The nominate subspecies of buff-winged starfrontlet is found from the Central Andes of Colombia south through the Andes of Ecuador into far northern Peru. C. l. albimaculata is found only in northwestern Ecuador. The species inhabits cloudforest, elfin forest, and the lower edges of páramo. In elevation it ranges from 2600 to 4800 m but is most common around 3000 m.

==Behavior==
===Movement===

The buff-winged starfrontlet is generally sedentary, though some movement to follow flowering plants has been noted.

===Feeding===

The buff-winged starfrontlet feeds on nectar by trap-lining, visiting a circuit of flowering plants, but it also will defend patches of flowers. It most often forages at low levels at the margins of forest, and often clings to flowers to feed as well as hovering.
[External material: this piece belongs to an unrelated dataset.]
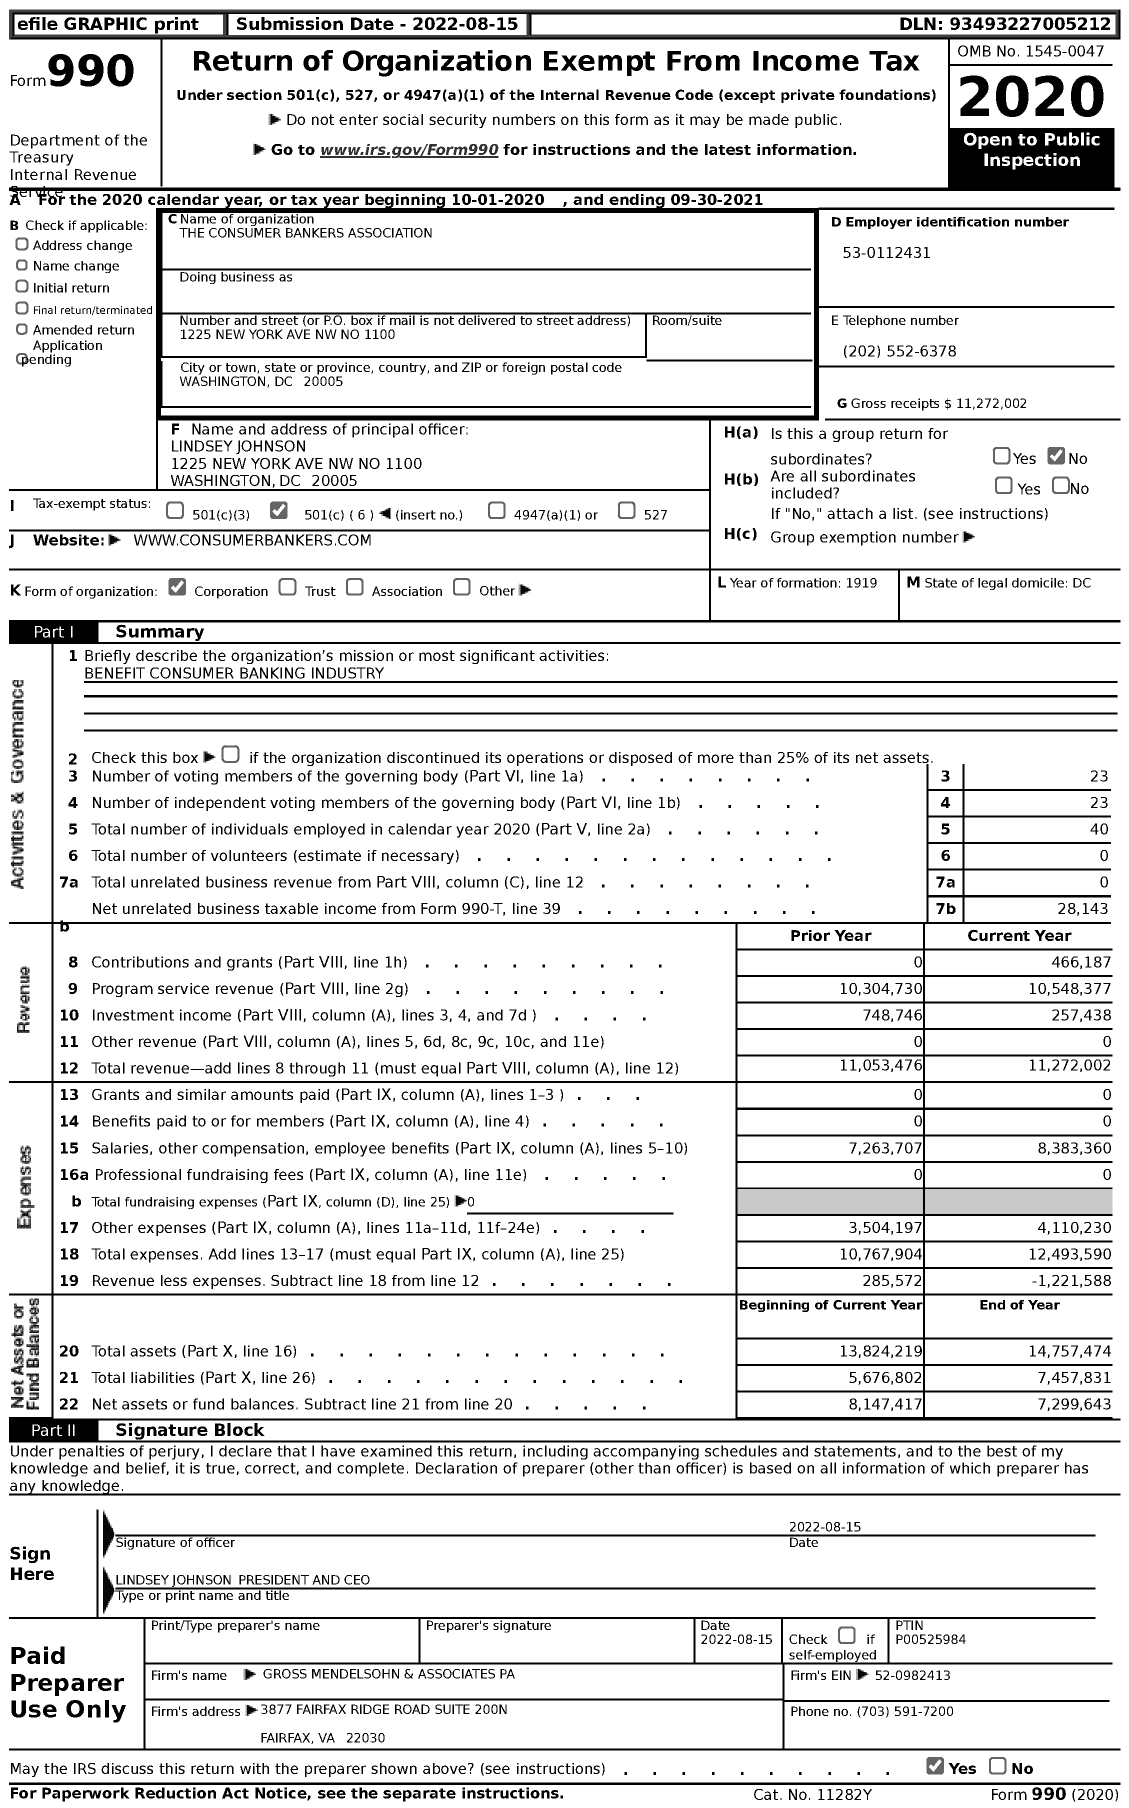 Image of first page of 2020 Form 990 for The Consumer Bankers Association (CBA)

In addition to feeding on nectar it captures small arthropods by gleaning from foliage and by hawking.

===Breeding===

The buff-winged starfrontlet's breeding season in Colombia is August and September; it is not defined elsewhere. It builds a cup nest in a branch fork, typically about 2 to 4 m above ground. The female incubates the clutch of two eggs for 15 to 17 days; the time to fledging has not been determined.

===Vocalization===

The buff-winged starfrontlet makes a "thin, wiry chatter with rattles", often during territorial disputes. While feeding it often repeats "a characteristic, nasal 'unk'".

==Status==

The IUCN has assessed the buff-winged starfrontlet as being of Least Concern, though its population size is not known and is believed to be decreasing. Though it has a fairly large overall range, its habitat is patchy, fragmented, and under continuing threat of deforestation. It is not thought likely to accept human-made habitats like gardens.